DataChain provides several categories of functions for different types of operations:

Func

Func(
    name: str,
    inner: Callable,
    cols: Sequence[ColT] | None = None,
    args: Sequence[Any] | None = None,
    kwargs: dict[str, Any] | None = None,
    result_type: DataType | None = None,
    type_from_args: Callable[..., DataType] | None = None,
    is_array: bool = False,
    from_array: bool = False,
    is_window: bool = False,
    window: Window | None = None,
    label: str | None = None,
)

Bases: Function

A built-in function applied to dataset columns, created by calling functions from the func module.
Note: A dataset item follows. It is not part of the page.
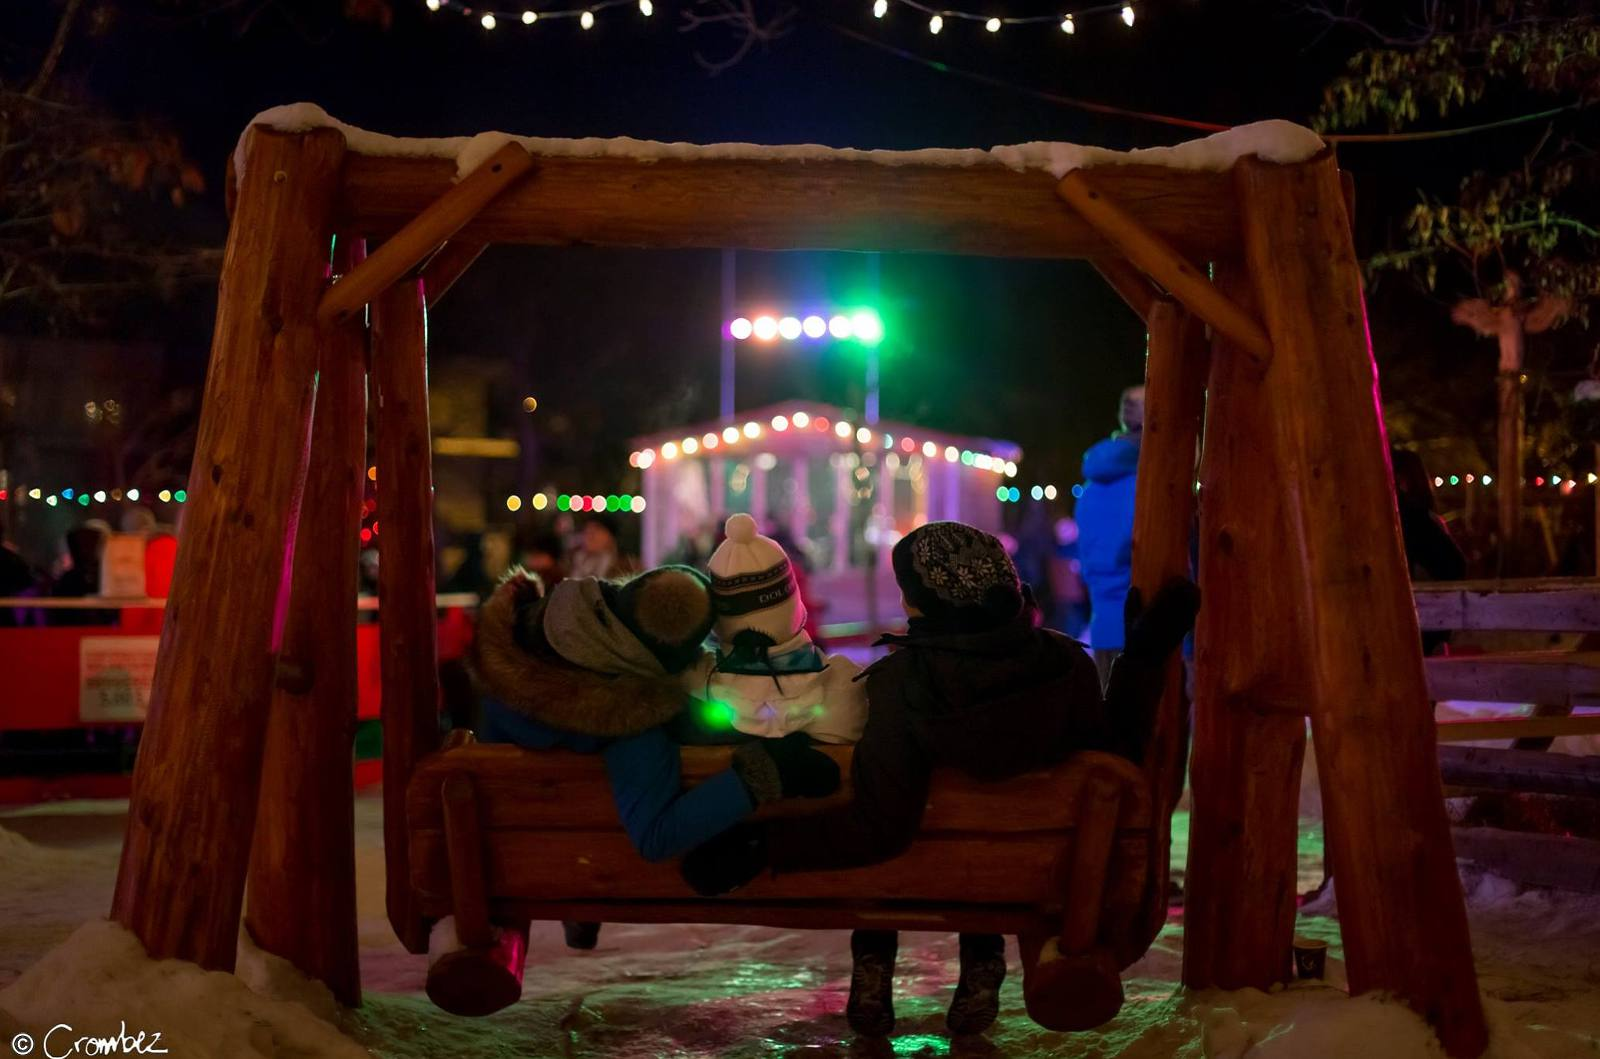 Kostenlose Aktivitäten in Montreal zu tun kommen Weihnachtsferien 2015-2016 umfassen Noël dans le Parc.
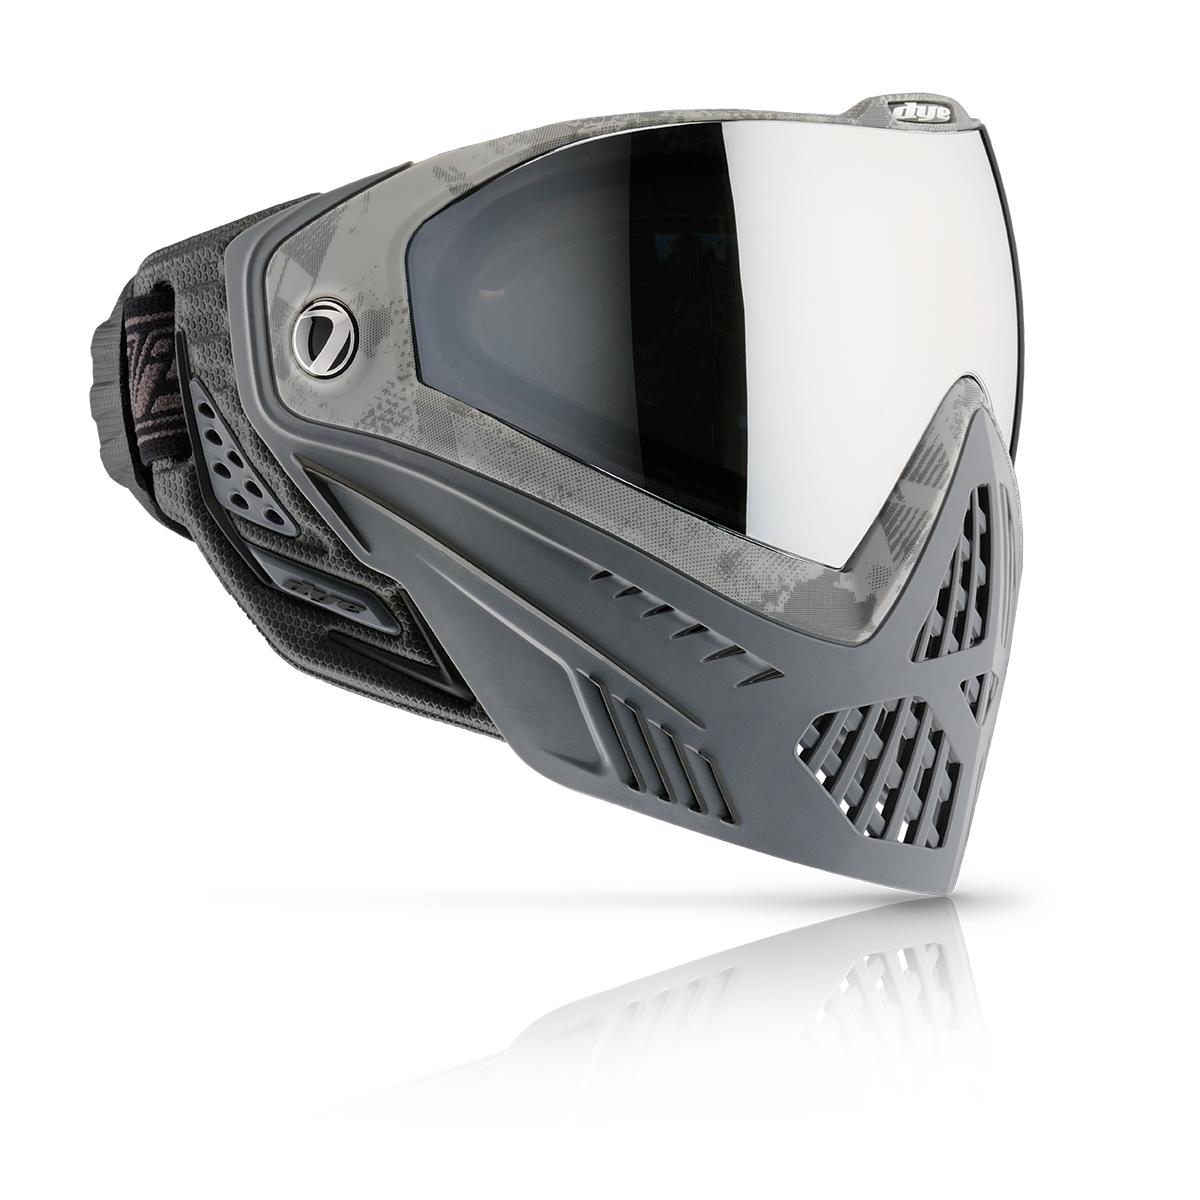 Dye Goggle i5 Blackout product image

There are three kinds of functions:

  • Row-level — transform each row independently, used in mutate, filter, and merge: func.path.file_stem(C("file.path")), func.string.length(C("name"))
  • Aggregate — collapse rows into a single value, used in group_by: func.count(), func.sum("file.size"), func.avg("score")
  • Window — compute over a partition of rows, require .over(): func.row_number().over(window), func.rank().over(window)
Source code in datachain/func/func.py
def __init__(
    self,
    name: str,
    inner: Callable,
    cols: Sequence[ColT] | None = None,
    args: Sequence[Any] | None = None,
    kwargs: dict[str, Any] | None = None,
    result_type: "DataType | None" = None,
    type_from_args: Callable[..., "DataType"] | None = None,
    is_array: bool = False,
    from_array: bool = False,
    is_window: bool = False,
    window: "Window | None" = None,
    label: str | None = None,
) -> None:
    self.name = name
    self.inner = inner
    self.cols = cols or []
    self.args = args or []
    self.kwargs = kwargs or {}
    self.result_type = result_type
    self.type_from_args = type_from_args
    self.is_array = is_array
    self.from_array = from_array
    self.is_window = is_window
    self.window = window
    self.col_label = label

Usage

from datachain.func import aggregate, array, conditional, numeric, path, random, string, window

# Access functions through their module namespaces
dc.mutate(
    text_length=string.length("text_column"),
    contains_item=array.contains("array_column", "value"),
    file_extension=path.file_ext("file_path")
)

# Some commonly used functions are also available directly
from datachain.func import sum, count, length, ifelse
dc.mutate(total=sum("amount"))